Ice is A key component in the universe. Are frozen water molecules on Cometsmoons, ExoplanetsAnd in your drink as you are cold from the summer heat. However, under the microscope, not every ice is the same, although it is made from the same components.
The internal structure of the ice of the earth is a cosmological strange. Its molecules are arranged in geometric structures, usually hexagons that repeat each other. Ice on Earth is formed in this way due to the temperature and pressure of our planet: water here freezes slowly, and this allows its molecules to arrange into crystals.
But ice that forms in space is different because of the conditions – the water exists in a vacuum and is subject to extreme temperatures. Space ice, as a result, is believed to amorphous, lacking a separate organizational structure as on Earth.

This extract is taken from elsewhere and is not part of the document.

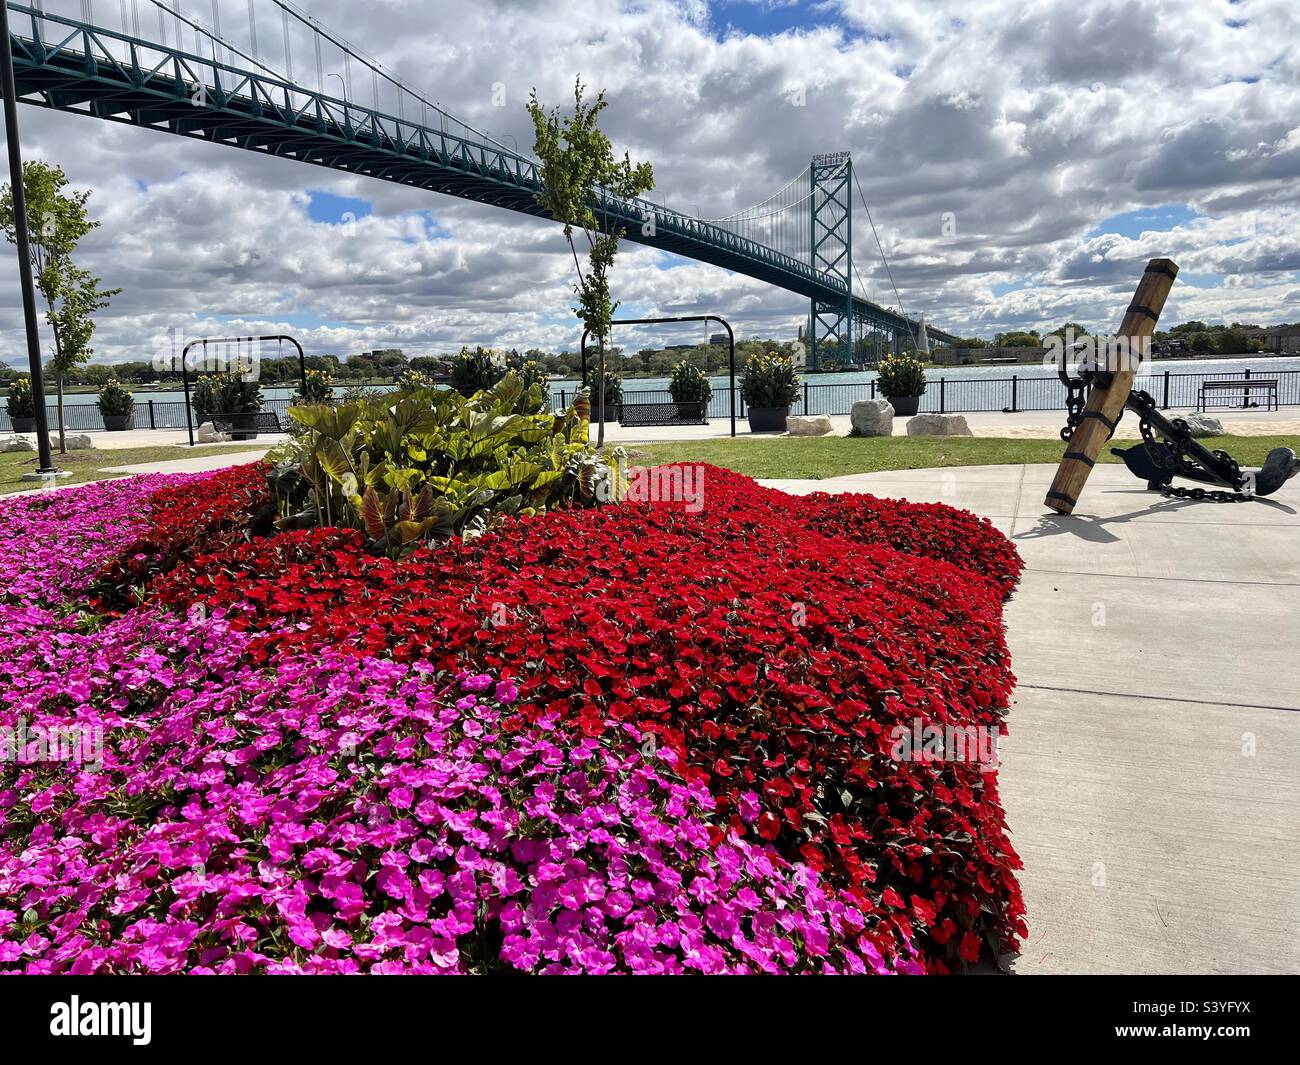 El puente Ambassador sobre los hermosos jardines florecidos de Riverside Park, Detroit, Michigan. El rosa y rojo Petunias, Touch-me-nots, y la impaciencia floreciendo es una vista hermosa para ver. Foto de stock

This presents a challenge for scientists trying to understand the formation of planets and the generation of life. Do not fully understand the dynamics of amorphous ice in space have striking effects. For example, not knowing exactly how space water freezes difficult to estimate the proportion of water in other solar systems.
Researchers therefore study space ice to better understand how frozen water behaves away from the ground. Ice specimens of comets, asteroids and other solar system waste would be helpful, but until these can be captured, scientists try to understand spatial ice with computer models and simulations of ice on the ground. The more they study it, the more surprises it reveals.
A recent report, published in the newspaper Physical Review Bbelieves that the amorphous ice that abounds in the universe has some order. The paper theorizes that it is probably made up of structured fragments – crystallized regions, as on the ground, but only about 3 nanometers wide – surrounded by chaos.